Book Review: By Nightfall, by Michael Cunningham
- 27-1-2011
- All Flourish: Articles: Archive, Book, Reviews
Book Review: By Nightfall
by Michael Cunningham
2010 Fourth Estate
Reviewed by Claire Williams
Stranger Disturbs the Peace
At forty-four years of age, Peter Harris has made a good life for himself. He’s doing well dealing contemporary art from his own gallery, with satisfied clients and promising new artists. He lives in New York, in a spacious Soho loft that he and his wife Rebecca were lucky to purchase “before the market went crazy.” Despite his good fortune, he has a strong feeling of dissatisfaction, and it’s buried somewhere deep within his soul.
Enter Rebecca’s younger brother, Mizzy (short for “The Mistake”) – a beautiful, intelligent and manipulative young man with a history of drug addiction. Mizzy’s presence in their lives results in a kind of internal chaos for Peter, where he questions his marriage, his past, his sexuality and his career.
This is not a novel driven by plot – there is a dinner here, a subway ride there, a trip to an artist’s studio – but Cunningham always kept me engaged, even exhilarated. Cunningham delights in the quotidian. It is everyday events that invite musings into the past and future. We begin to ask ourselves the same questions causing Peter so much anguish. And isn’t that the mark of good writing – to leave the reader with a sense of what it means to be alive?
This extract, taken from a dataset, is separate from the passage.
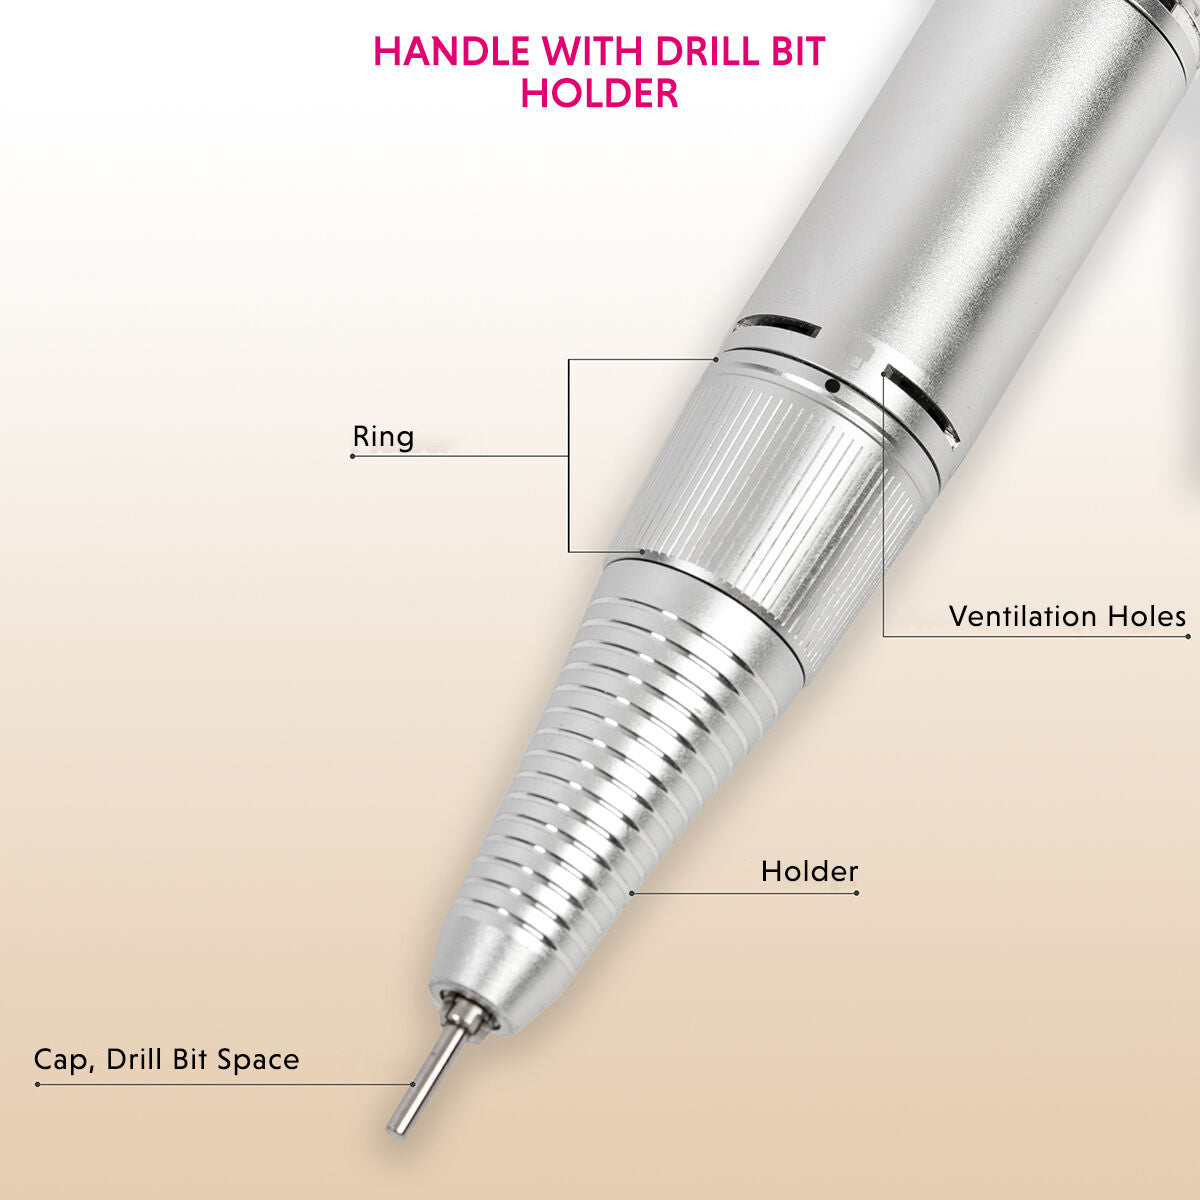 HANDLE WITH DRILL BIT HOLDER

As with his other work, Cunningham takes an interest in issues of sexuality. Peter’s memories of his gay brother – who died of AIDS – are vividly portrayed throughout the narrative. These reminiscences, combined with his own sexual stirrings towards Mizzy, make for interesting comments about male and adolescent desire. Yet Cunningham never lets the issues obtrude. Instead, they enhance and complicate broader themes of love, death and beauty.
Some readers may find Peter difficult to sympathise with. He is so besotted with the idea of beauty, he is unable to form a close bond with his solid, plain-looking daughter. At other times he is too self-absorbed to observe his wife’s own restlessness in their marriage. But this is a minor criticism – By Nightfall is a dazzling portrait of contemporary relationships.